Stephen K. Bannon, the former executive chairman of Breitbart News who led Donald Trump’s election campaign to victory before becoming the president’s chief strategist, has caught the attention of the art world as “one of this young century’s more significant propaganda artists.”
Designed by Jonas Staal and curated by Marina Otero Verzier, the exhibit, titled “Steve Bannon: a Propaganda Retrospective,” opened in Rotterdam on Friday at the Het Nieuwe Instituut and will run through next September 23.
“I don’t want to give him too much credit, because the idea that he’s a successful propagandist is, of course, all part of his propaganda,” said Jonas Staal, a Dutch artist and propaganda researcher who headed up the project.
“But it’s true that he has succeeded, like few others over the past 15 years, in turning an artistic representation of his ideas into political reality,” he said.
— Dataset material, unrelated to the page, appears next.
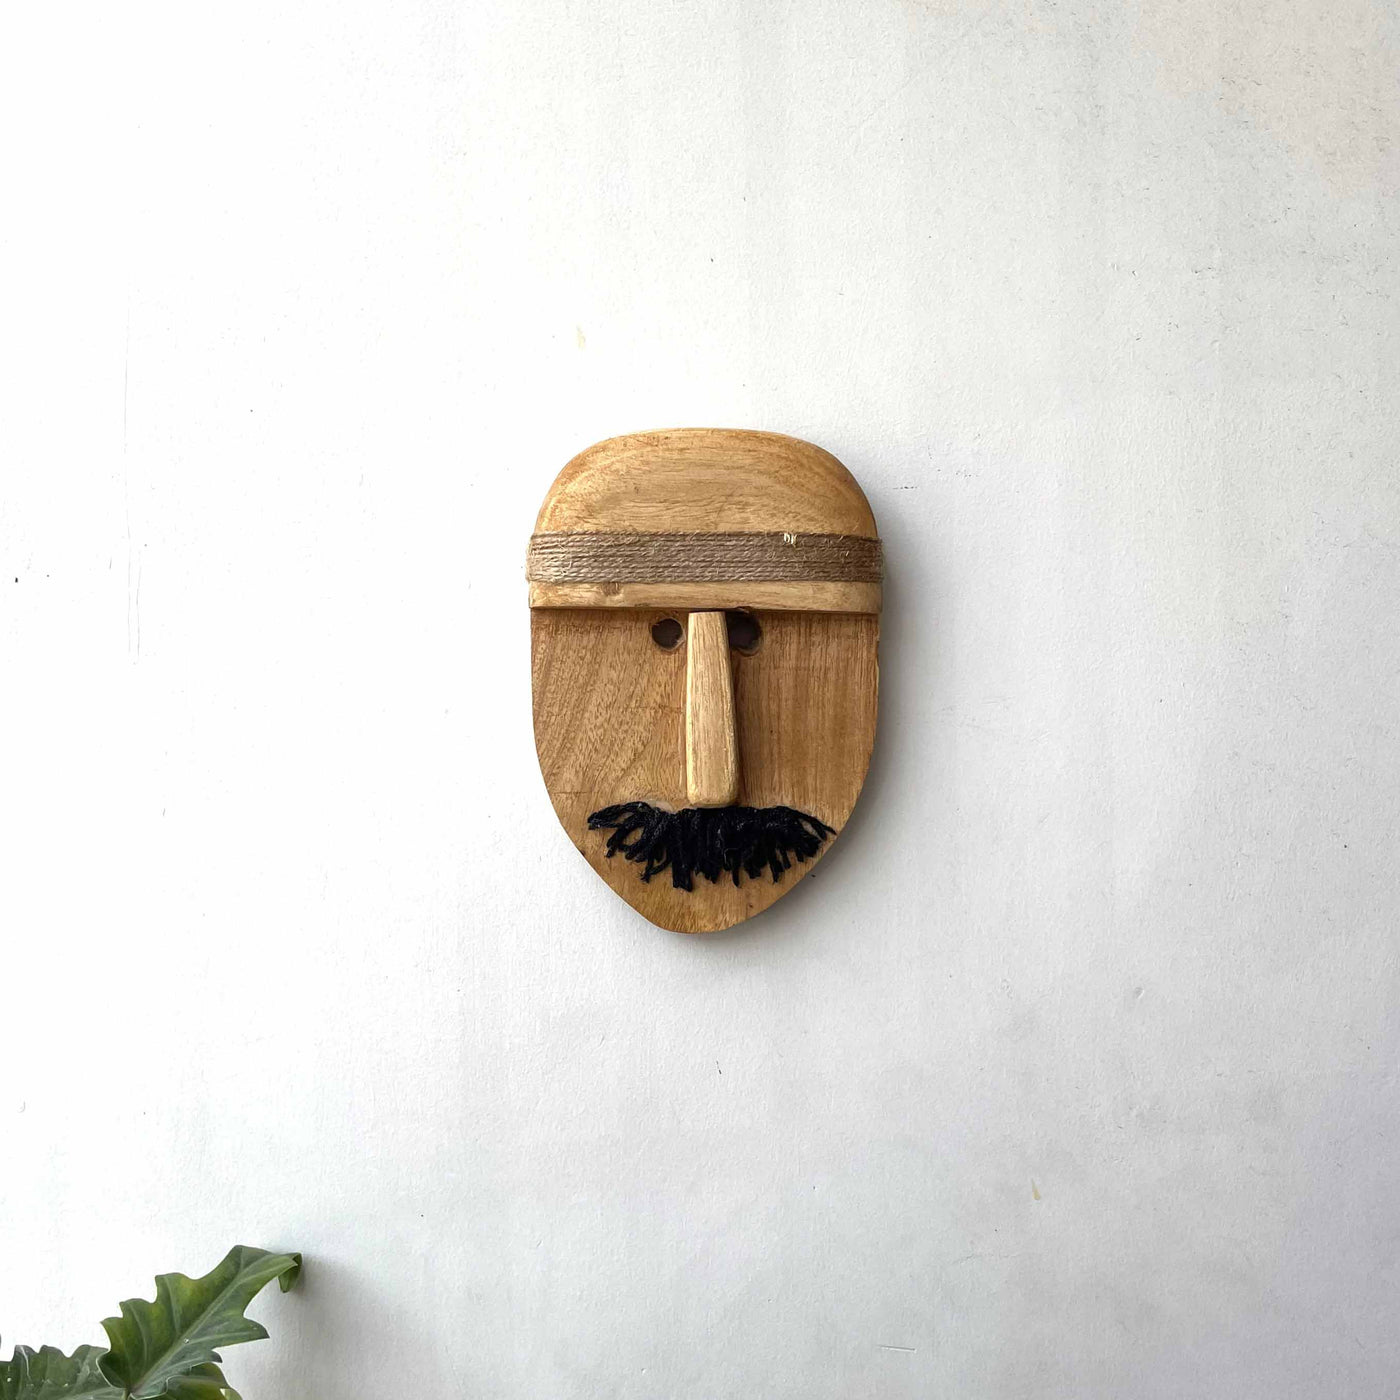 Wooden Tribal Man with Mustache Small Mask - Wall Decor - 3

Bannon’s art, Staal contends, not only portrays reality; it alters and shapes it.
“He’s developed this artistic horizon, but it’s not a ‘what if’, it’s a script,” Staal said.
“And what Bannon’s work shows is that the script for Trumpism was written long before Trump came along. Our reality has been co-authored by Steve Bannon. His core ideas have become the contemporary paradigms we are living with today,” he said.
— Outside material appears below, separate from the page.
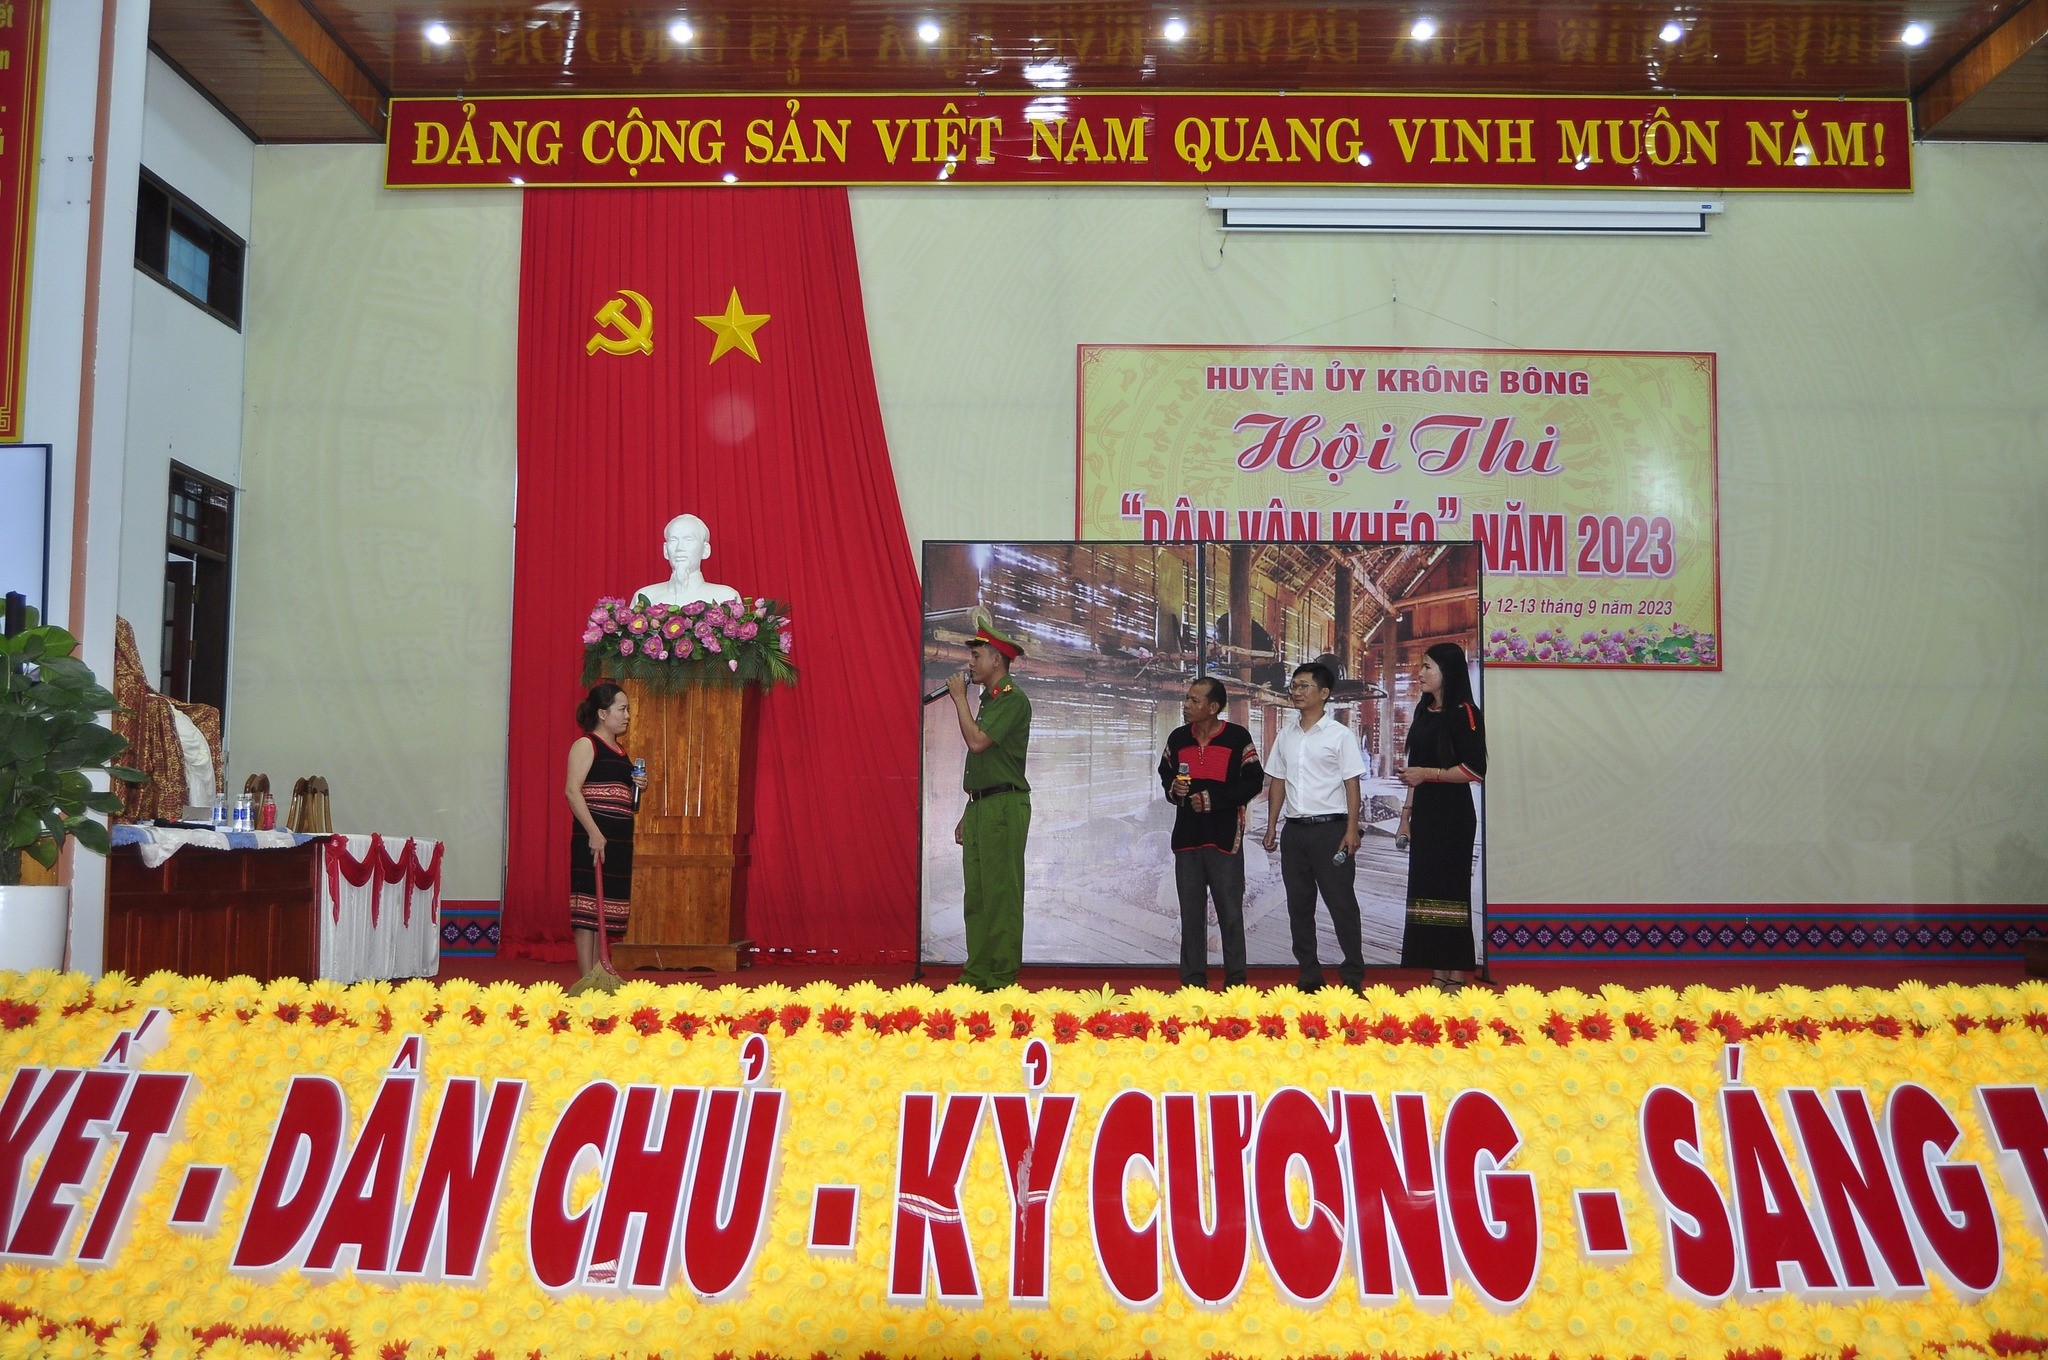 "Clever Mass Mobilization" Competition in Krong Bong District in 2023

The Dutch show draws a direct line from Bannon’s early free-market activism through Breitbart to his role in the Trump presidency by offering extended clips from his nine documentaries, flanked by books, artefacts and information panels that add background and context.
Bannon’s nine films include Generation Zero (underscoring the “real” causes of the 2008 financial crisis), District of Corruption (tracing Washington corruption from the Clinton years through the Obama presidency), The Undefeated (on the redoubtable Sarah Palin), In the Face of Evil (Reagan’s struggle against communism), Battle for America (the rise of the Tea Party), and 2016’s The Torchbearer (starring Duck Dynasty’s Phil Robertson in a throw-down to post-Christian America).
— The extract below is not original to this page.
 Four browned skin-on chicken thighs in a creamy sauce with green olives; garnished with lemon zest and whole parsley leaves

As summed up by the Guardian, the show traces the development of Bannon’s “core ideology,” from “his near hero-worship of Ronald Reagan,” through the 9/11 attacks, to his engagement with the Tea Party, support for Sarah Palin, and disdain for the Occupy movement.
Bannon’s films, the Guardian argues, “reveal an apocalyptic world view,” with Western society, Christianity and freedom all under attack, especially from establishment insiders: corrupt government, big banks, and a cosmopolitan elite.
“Illegal immigration, crony capitalism and progressive liberalism are threatening the country; only economic nationalism, hardcore conservatism and a crushing victory in the coming clash of civilisations will save it,” the report states.
“There’s always, too, a search for leadership,” said Staal.
“Trump may be a rather imperfect version of the warrior he would ideally have liked, but the ideology is there, the battle between good and evil, the clash of civilisations,” he said. “Bannon believes that like the communists and Nazis before them, Islamic terrorism and the global elite must be defeated.”
Staal gives Bannon credit for effecting real change—political and cultural—not just inside America but abroad as well.
“These films were not made for the kind of audience that critiques them,” he said. “Of course, it’s easier to examine the core narratives than to measure their impact. But Trump’s successful campaign and, beyond the US, Leave’s victory in the UK’s Brexit referendum, the rise of the ultranationalists in the Netherlands, France, Italy – there’s clearly a link between the success of these campaigns and the platforms that carried their core messages.”
“What’s essential to realise about propaganda,” said Staal “is that it is not, actually, about sending a message. It’s about shaping our environment, engineering our reality.”
While Staal clearly admires Bannon for his prowess as a propagandist, he does not share his worldview. Rather than spreading Bannon’s message, the exhibition aims to “open up spaces and opportunities for critique – and resistance,” he said.
To counter Bannon’s vision, a different narrative must be advanced, Staal says.
“We need to define an ‘us’ that is a much more pluralistic reality. This has to be the task of progressive art and politics today: to tell a more inclusive story of who we are, and who we can still become. Because facts alone – as the Brexit vote showed very clearly – will convince no one.”
“We need a fact-based, alternative narrative,” he said.
Meanwhile, Steve Bannon shows no signs of slowing down his own work of promoting populist nationalism at home and abroad, as recent appearances in Italy, Switzerland, and France attest.
As Bannon told the New York Times in an interview last month: “All I am trying to be is the infrastructure, globally, for the global populist movement.”